Poor customers vs. Good customers

The right customer is always right.

Customers are vital to every business, but not all customers are created equal.

Some customers are good and are worth keeping; most however are poor and a business functions far better without them.

Acquiring and managing a customer costs money. Money that's initially spent on promotions and later on customer service expenses.

If a customer ends up behaving like a 'poor' customer (i.e. they don't buy higher margin items, lack a sense of brand loyalty, don't buy often enough and are frankly just tricky to manage) then ultimately the business loses money by acquiring them in the first place.

The business would have actually benefitted more by never having attracted those customers - so in many cases keeping the relationship as brief as possible with these people is key to getting things back on a profitable track.

How can you determine who are your poor customers vs. good customers?

Well, let's straight up dispel the myth surrounding customers archetypes and psychographics that are frequently overused by marketing specialists.

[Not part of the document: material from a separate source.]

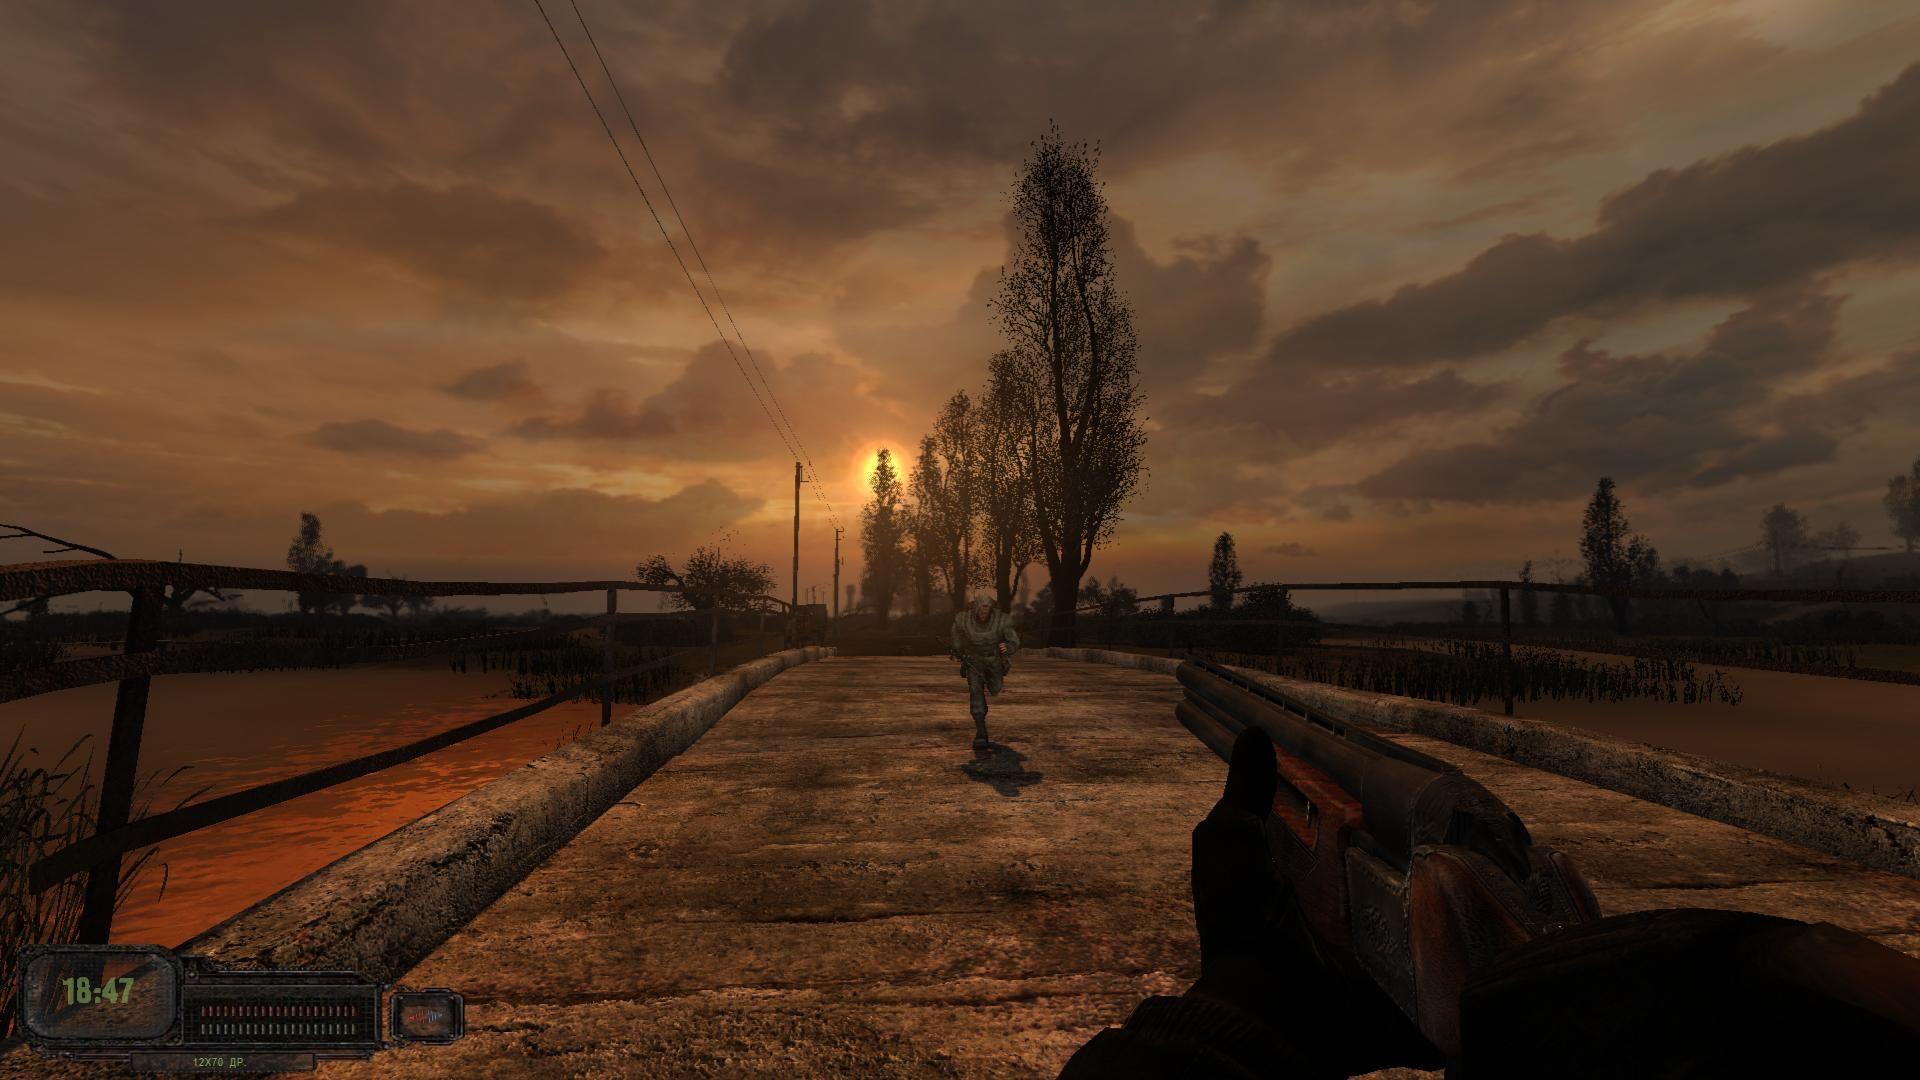 S.T.A.L.K.E.R.: Shadow of Chernobyl - Вариант Омега 2. Холодное лето 2014-го [v1.1] (2018/PC/Русский), Repack от SeregA-Lus

Just because somebody earns a certain amount of money, drives a particular brand of vehicle and has a definable, higher-level of university education does not mean that you can deduce anything about what kind of customer they will be for your business.

You cannot simply and reliably categorise people based on such simple attributes and honestly expect consistency.

The only way you can truly 'know a customer' is to do some business with them first, and then segment them based on their recorded behaviour. From this kind of detailed and accurate insight you can then choose to either incentivise them to stick around, or actively fire them or just ignore them.

Only then can you feasibly segment your own customer base - categorising customers who behave similarly into subgroups for easier management and analysis; and perhaps use this database to try and attract similar people with the same attributes that fit your winning profile.

Beware however, people buy things from a brand for millions of different and complex reasons. Trying to pin down a recipe to simply rinse and repeat your past successes is not foolproof. If only life were so easy!

Understand that your segments are an estimation, a loose-bond resulting largely from you casually circling a couple of names with a red felt-tip marker on a white board.

Love your good customers only

What isn't so foolish, is caring exclusively for your 'good' customers.

And yes, the old 80/20 rule does apply here.

Twenty percent of your customers will bring in eighty percent of your revenue - so just focus on retaining and delighting those 2 in every 10 customers that matter.

Always keep their favourite products in stock, always send a Christmas card to them (or if they're really great, write them a love letter every time they order from you) and if you really must have a loyalty program (...hello 1986....)...keep membership available exclusively to them.  

Servicing the other 8 in every 10 customers is effectively wasting your time and money. Keep your investment in these people at the minimum.

Brands that try to be everything to everyone - tend to see very little positive return on their efforts. Stand for something, and someone; or you'll stand for no one in particular.

Those that concentrate their efforts on the customers that matter most, unlock long-term profitable growth.

The customer is always right?

No, the right customer is always right.